About 10 feet up the canyon, I feel like I've sprouted branches. This is not a pleasant place to be and I quickly retreat to the trail, picturing the headline: "Reporter Becomes State's First Tick Fatality."
It takes some imagination, but not a lot to see how a bear made a living here. In the late 1800s, Orange County was mostly cattle country--easy pickings for Old Grizz. A few hardy souls lived in the hills, including Holy Jim, a beekeeper and jack-of-all-trades who was actually known to the locals as Cussin' Jim. On that fatal last day, the ranchers apparently chased the bear up the canyon before bagging it just below Saddleback Peak.
It's a big area and in the middle of a weekday a quiet place. It's hard to imagine a couple of holdout bears having much, if any, effect on the place.
"Those few bears or that one bear probably didn't have much of an impact," says Mary Thomas, a wildlife biologist with the Cleveland National Forest. "But if you think about bears in California over a lot of space and time, the impact was probably huge."
Trabuco Canyon, and the Santa Anas around it, are now basically an island. With much of the county falling under the domain of suburbia, Trabuco Canyon is a relic, a muted reminder of what it once was.
"There were species that came down from the mountains and moved around," says Thomas. "You don't see that anymore. . . . It makes it a lot more difficult, for example, for a mountain lion to find food because the area for its prey is also shrinking. The area for all these animals is shrinking and there's less food for all these other species to fight over."

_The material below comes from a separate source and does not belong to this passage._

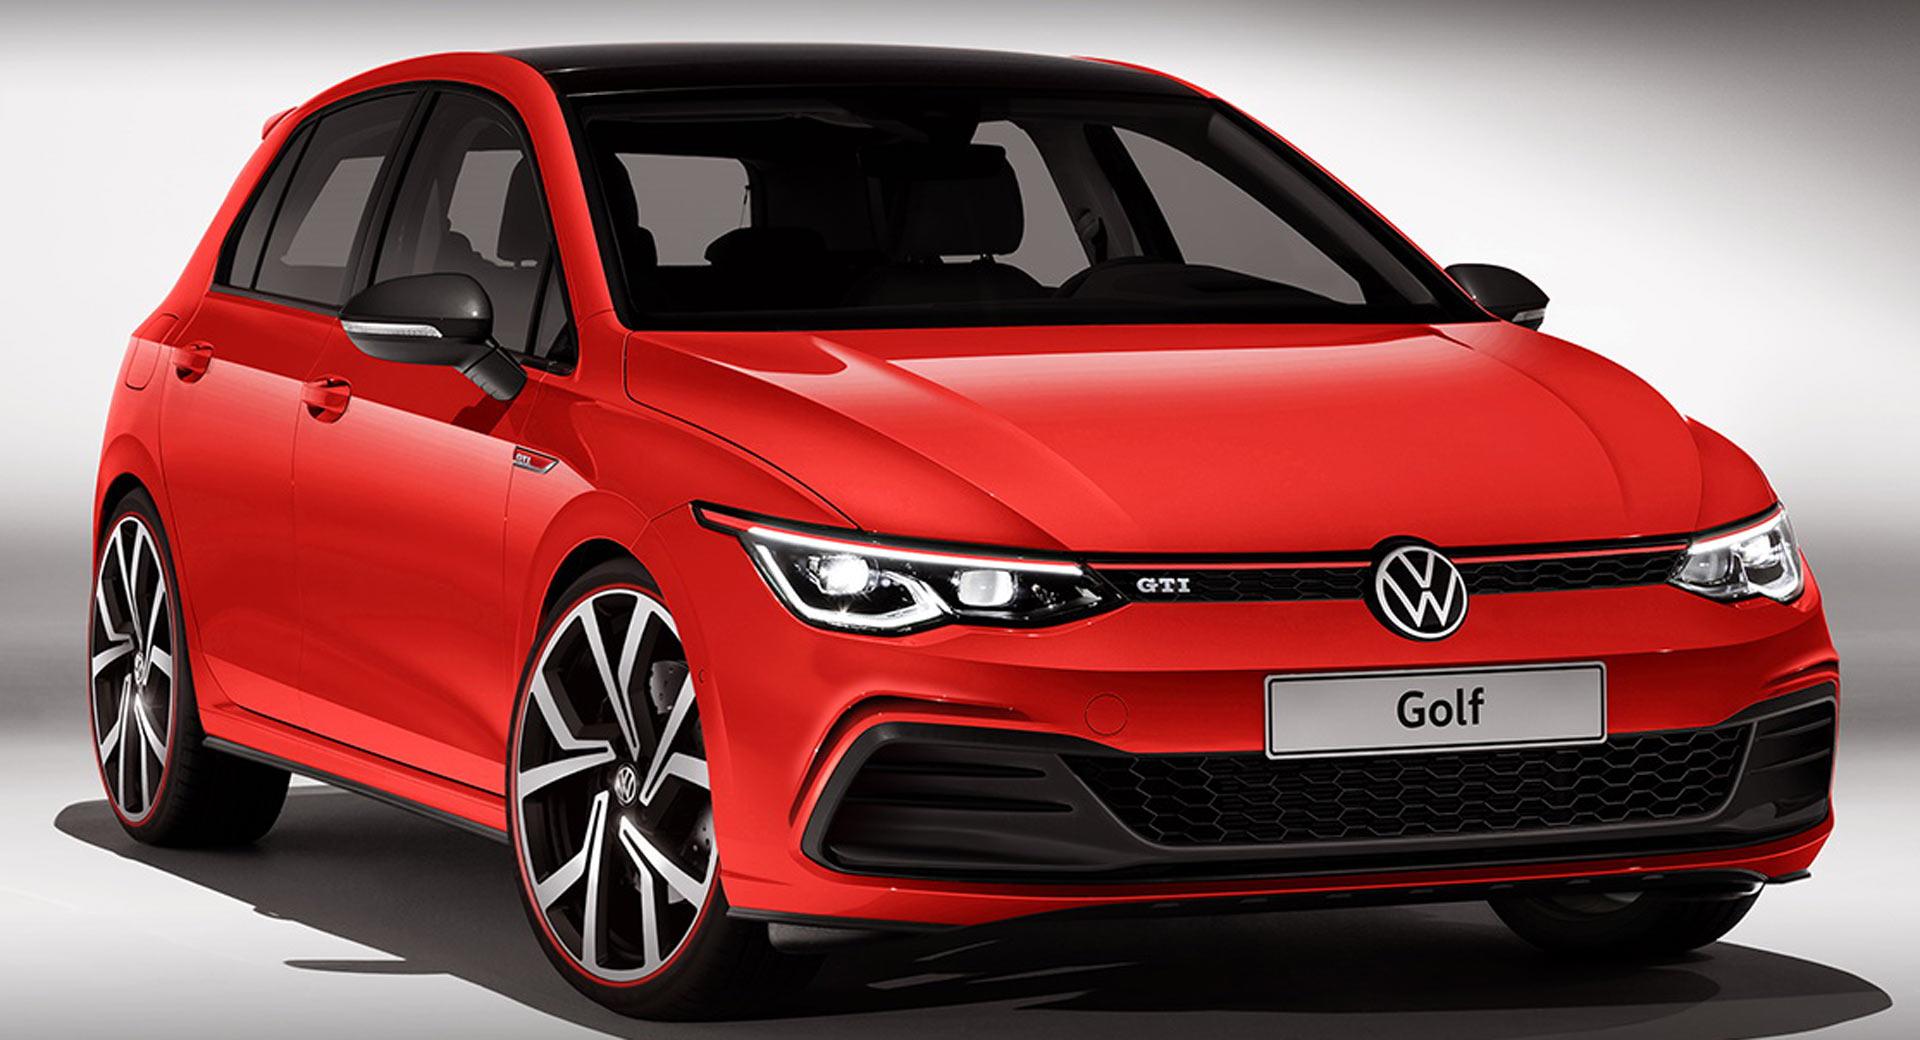 Nuova Volkswagen Golf 8 2020, prima uscita al Salone di Ginevra?

In other words, it's becoming more homogenous. For years, scientists have been arguing what happens to biodiversity on islands, both at sea and inland. Although there is still disagreement over the particulars, there is widespread agreement on this: The amount of species diversity decreases. Some species manage to hang on. Others don't.
There is, of course, another side to the story. California is a splendid place to live--I care about the environment, but at the same time I'm not planning to move back to Ohio, stop driving, watering my garden or throwing out trash any time soon.

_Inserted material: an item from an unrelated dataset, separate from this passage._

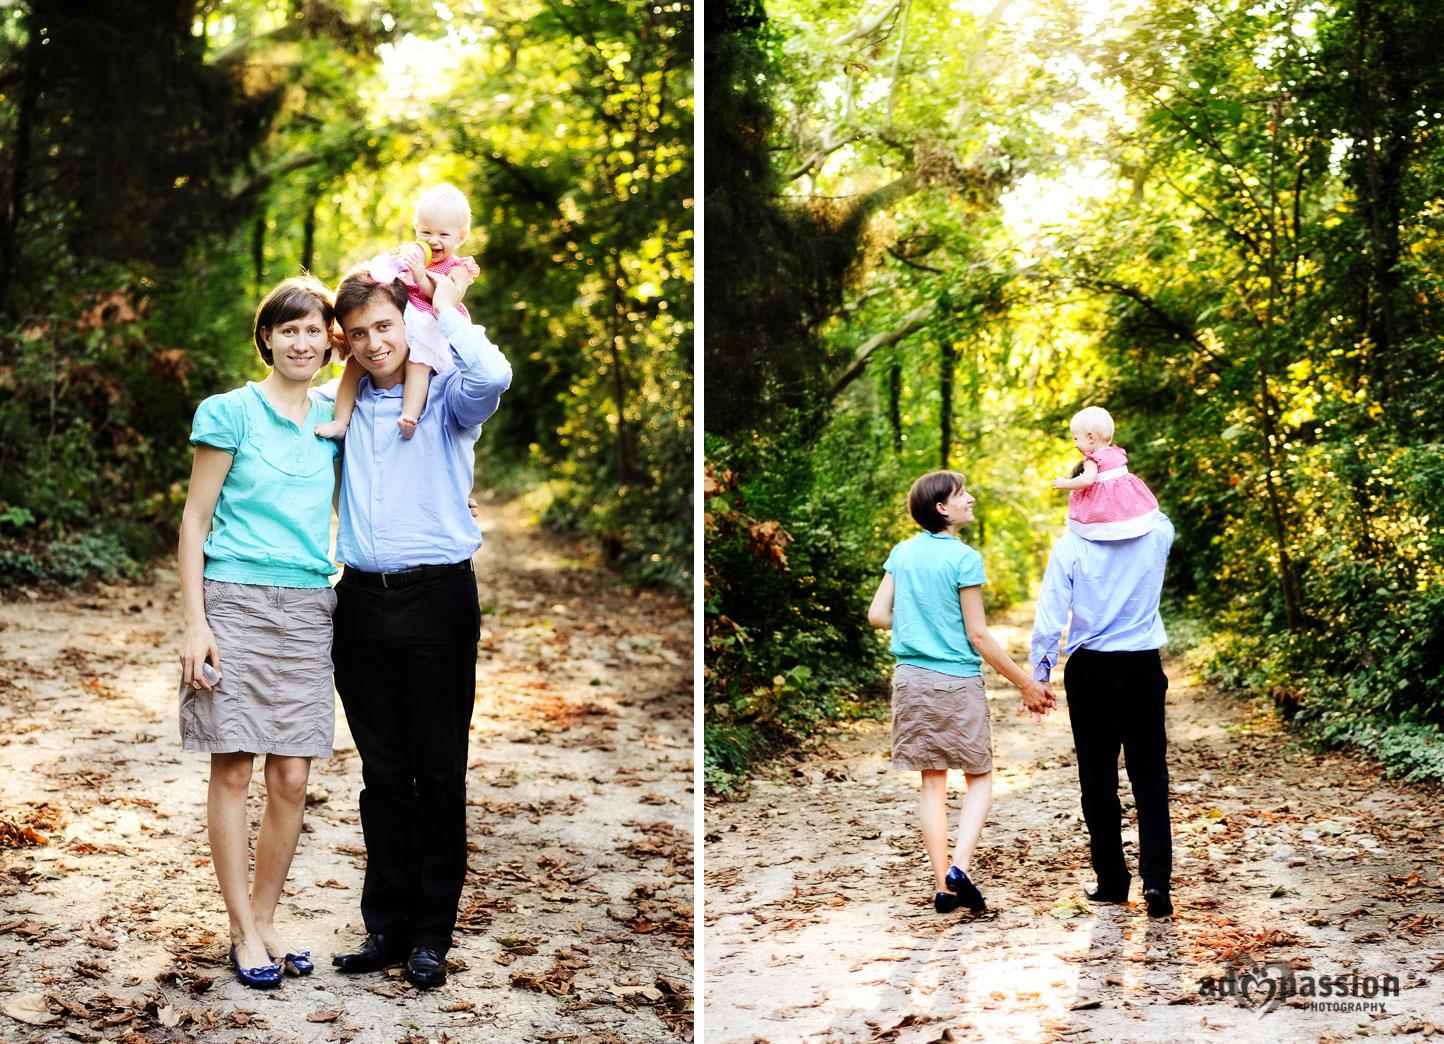 AD Passion Photography | maya-9 | Adelin, Dida, fotograf profesionist, fotograf de nunta, fotografie de nunta, fotograf Timisoara, fotograf Craiova, fotograf Bucuresti, fotograf Arad, nunta Timisoara, nunta Arad, nunta Bucuresti, nunta Craiova

The state's biodiversity although diminished is still abundant. Trabuco Canyon, too, is quite beautiful. There is only one thing missing. Not the bears--but recognition the bears existed. If we are all going to live here and change these places, at the very least it would be nice to see one reminder of how they used to be not so long ago.
Somewhere, there has to be an artist in this county who would be willing to sculpt a life-size statue of a bear and mount it somewhere in the canyon (with the forest service's permission, of course). Yes, it sounds silly and meaningless and even reeks a little of granola muncher-type philosophy. But so what?
Put the statue anywhere, and they'll come. They'll come to see a beautiful place and to read and think about the message on the statue's pedestal:"Orange County--The Grizzlies Were Here."